O Brasil também era bem diferente. Bom, pelo menos, a gente achava que era. Como sempre achamos, até ter coragem de ver que não. Que nação nenhuma está livre da barbárie, que não há imunidade contra o desamor, que a democracia é frágil como um corpo humano.

Um personagem obscuro, um carro em alta velocidade, uma doença inesperada, um tiro, uma facada, um juiz, um desencontro, o acaso, pronto: aquilo que existia há um segundo já não existe mais. É esse o combinado, certo? E a interrogação sequer existe. Minha resposta não importa. Nem a sua. A gente assina antes de aprender a escrever. E vai em frente, porque sim.

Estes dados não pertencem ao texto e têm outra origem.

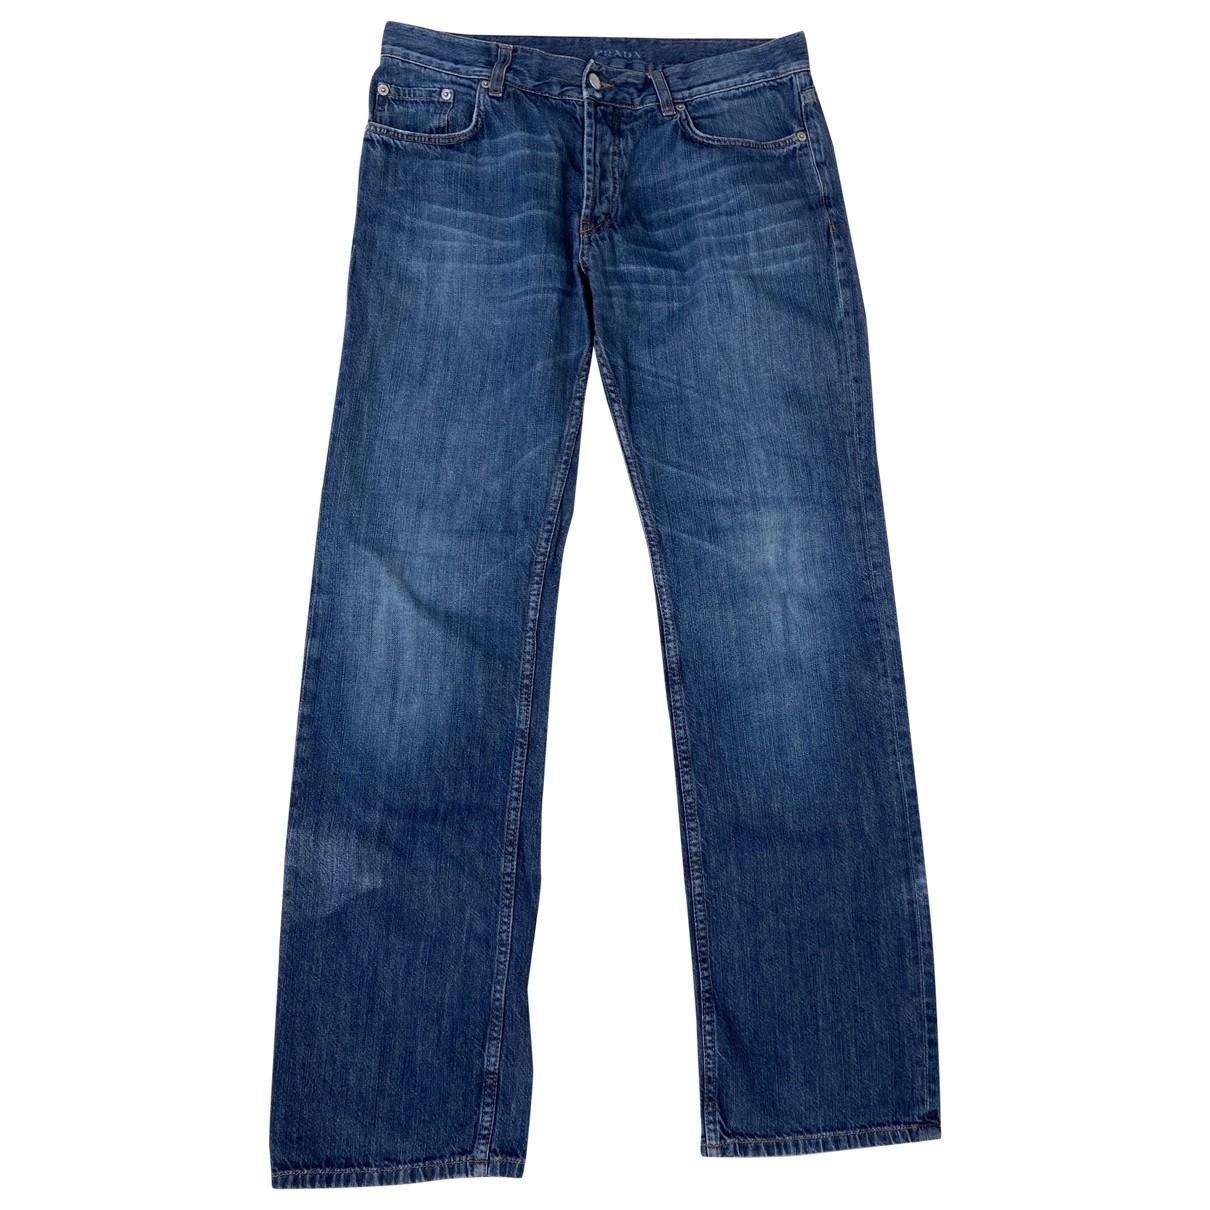 Prada \N Blue Cotton Jeans for Men 34 US

Em junho de 2013, eu começava a me recuperar da perda do meu genitor. E a me dar conta de que era absolutamente sozinha, apesar dos certificados me dizerem o contrário. Enquanto isso, a Avenida Paulista tomava os jornais. O noticiário, aos poucos, me tirava do luto. A tristeza é uma forma de egoísmo, já dizia Arnaldo Antunes. O outro salva, completo eu.

Passei a última semana do mês passado trancada em casa. Com medo de tudo depois de um acidente doméstico, fui para o meu telhado indestrutível: dramaturgia. "Os Outros", "Salvar o fogo", "Carvão": três obras brilhantes. E duas delas com Maeve Jinkings, por quem estou ligeiramente apaixonada. Histórias são mesmo mães. Para mim, não há entorpecente melhor.

Mas queria falar de junho. Desse junho de agora. De quatro dias atrás. Quando 5 a 2 virou poema. De repente. Será que calendário também protesta? Ou terá sido São João? Se bem que acho que dia 30 é São Pedro. Não importa, era tempo de bandeirinhas. Dessas, de festa. Que nunca foram usurpadas.

Dez anos depois dos protestos contra o aumento das tarifas de ônibus, a metade do ano, que costuma ser justamente um momento de balanço, virou também um começo.

Às vezes, no meio de um acontecimento traumático vem uma vontade de ser valente que ainda não tinha aparecido. Aí você vai, e sem saber que consegue, consegue.

Das três certezas que eu tinha em 2013, talvez uma ainda esteja de pé. A ela, juntam-se novas, dentre as quais a alegria de ouvir Carmem Lúcia, o prazer com nossos artistas, e uma intuição que andava esquecida: sou forte —e já sei usar extintores.

De lá pra cá, parece que vivi 20 anos, mas não tem nem duas semanas. E tudo pode ser bonito. Um dia, se Deus quiser, vou contar para os meus netos do instante em que, exausta, apavorada e cheia de pó químico, descobri que um pode ser suficiente, e que 5 a 2 é um poema curto.

Era junho.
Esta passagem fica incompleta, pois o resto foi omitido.